According to the letter, previous financial advisors had been wrong in their glowing projections of the fund's fiscal soundness. City workers were living longer, retiring earlier, and quitting their jobs less often than the advisors had assumed. As a result, more money was being paid out in pensions than was coming in from contributions and returns on investments.
"These are powerful factors that have increased the long-term liabilities for the Fund," the letter said. "The Fund cannot continue long term with its present level of contributions and benefits."
Reaction to the trustees' message has been furious. City Manager John Ware stepped forth to proclaim the fund healthy. Ware publicly castigated the fund's trustees, accusing them of unnecessarily fomenting fear among city workers. The trustees shot back, claiming that the fund was losing $21 million a year, and wouldn't survive unless the city agreed to contribute more money.
Who was right? Eight months later, city employees--and taxpayers who might have to foot the bill if there is a shortfall--still don't know. Disagreement over the fund's fiscal health has sparked one of the most vicious political battles in recent City Hall history. But any comfort city workers might have hoped to gain regarding their pensions has drowned in the rhetorical bloodletting.
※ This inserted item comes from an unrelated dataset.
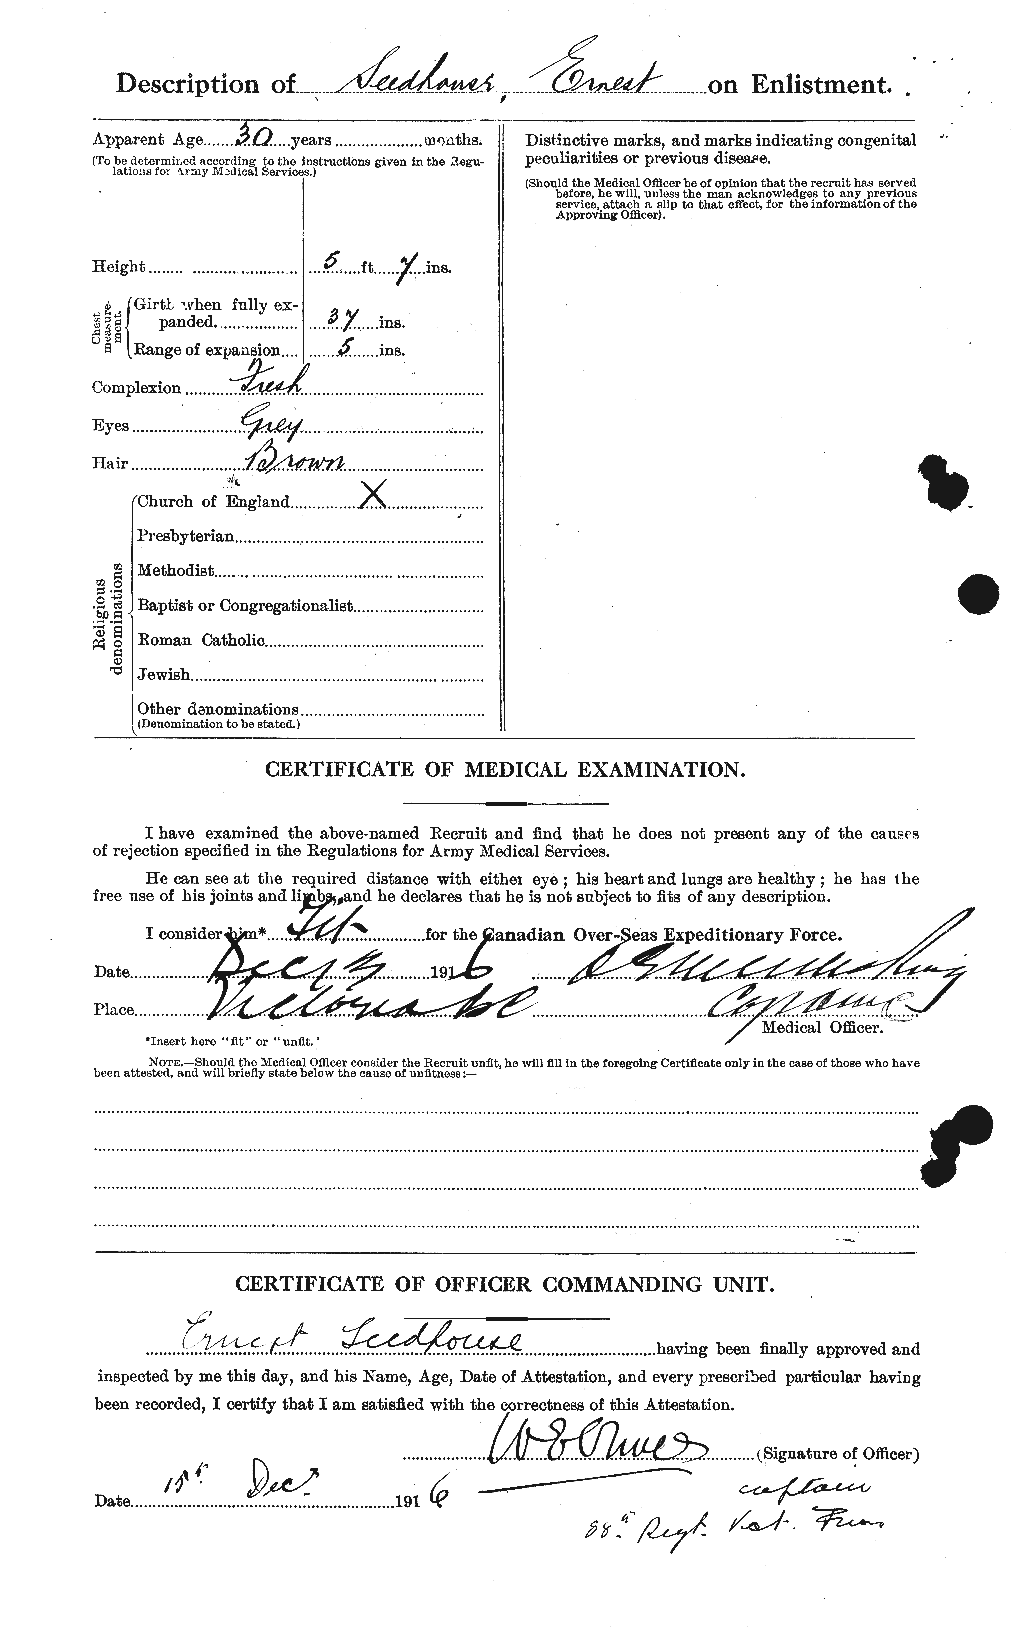 Personnel Records of the First World War - CEF 084493b

Leading the charge for the city is Ware, who insists that the fund is fine. Ware would not discuss the pension fund situation, deferring questions to Assistant City Manager Mary Suhm. Even though he has no legal authority or control over the fund, the combative city manager has committed more than $285,000 in taxpayer money to pay hand-picked consultants to generate reports agreeing with his point of view. Ware has had his staff comb through the travel expenses of pension fund trustees and, in a December letter to employees, demanded that all of the trustees resign because he has "no confidence in their judgment, ability, or leadership."
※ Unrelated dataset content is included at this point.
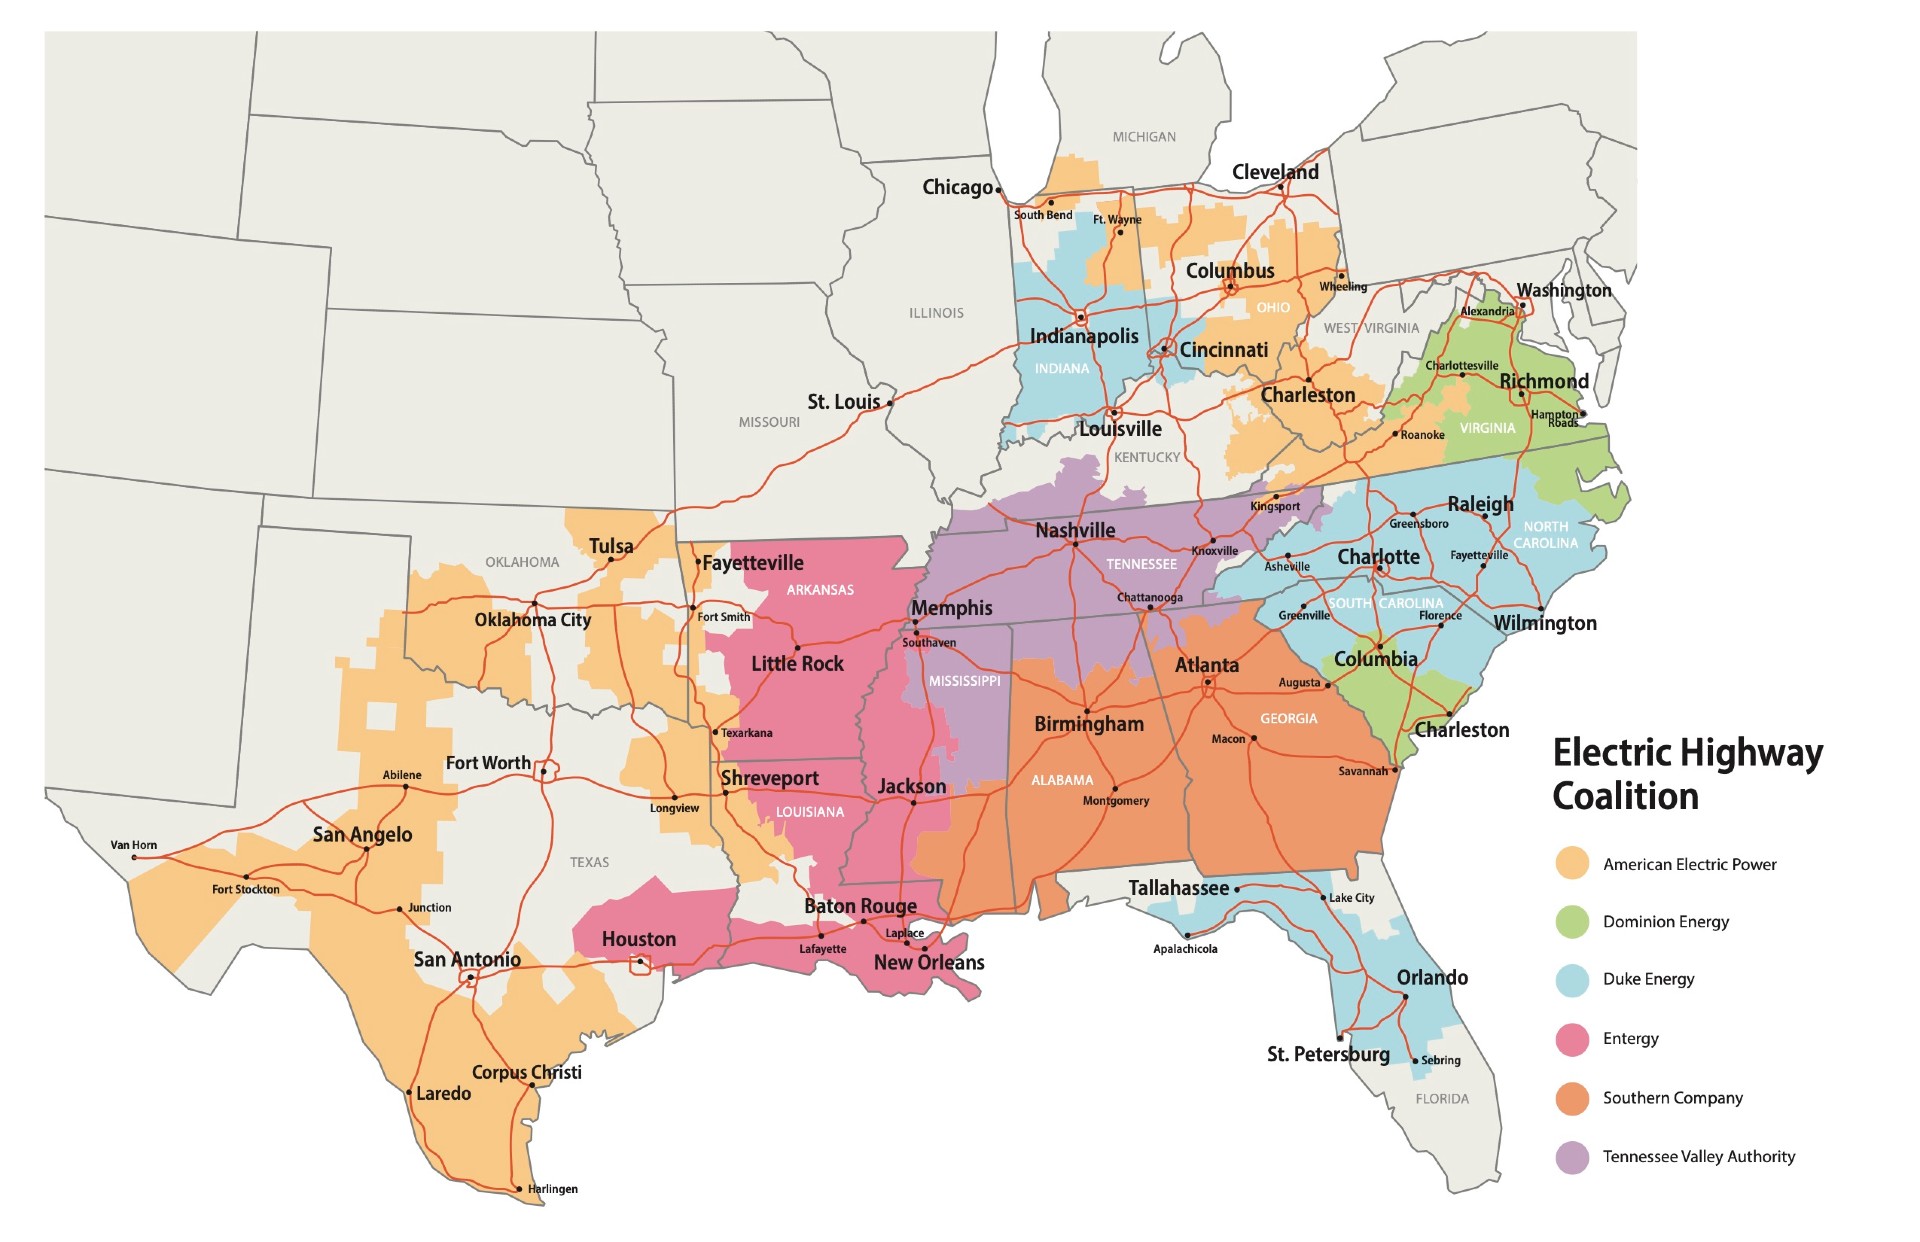 Six US utilities form Electric Highway Coalition in Southeast, Midwest

Pitted against Ware has been Randy Stalnaker, a veteran employee of the city's sewer department who was elected to the pension board by his fellow city workers in 1989. Stalnaker and other trustees contend that Ware is blasting them rather than dealing with the fund's problems because the city manager does not want bad financial news to affect the city's bond rating.
A potential pension fund shortfall must be disclosed when the city sells bonds, and such news can affect the ratings and prices on notes. Stalnaker and his allies argue that Ware is trying to keep the ratings high in case Dallas decides to issue bonds for a new downtown sports arena, a project Ware seems determined to push through no matter how little economic sense it makes for the city.
Stalnaker says he won't let Ware sacrifice the safety of city pensions on the altar of bond ratings, and has fought back with some accomplished political maneuvers of his own.
Early on, Stalnaker went to the press behind Ware's back, persuading The Dallas Morning News to publish an editorial highlighting problems with the pension fund. Stalnaker has also pulled political strings to entice the state board that oversees municipal pension funds to jump into the fray.
For all the sound and fury, what apparently has not been undertaken is an impartial, systematic review of the financial soundness of the pension fund. Instead, the two sides are preoccupied with outmaneuvering each other on a political battlefield that is fast becoming littered with the reports of actuarial advisors.
Actuarial advisors have a nearly impossible job, trying to project up to 80 years into the future on questions such as when people will retire, and how long they will live thereafter. The projections are crucial in trying to discern whether a pension fund is flush, or in trouble.
Not surprisingly, there is plenty of room for argument and error. One of the most significant assumptions in running a pension fund is the estimate of how much income the fund will earn on the investments it makes with its money.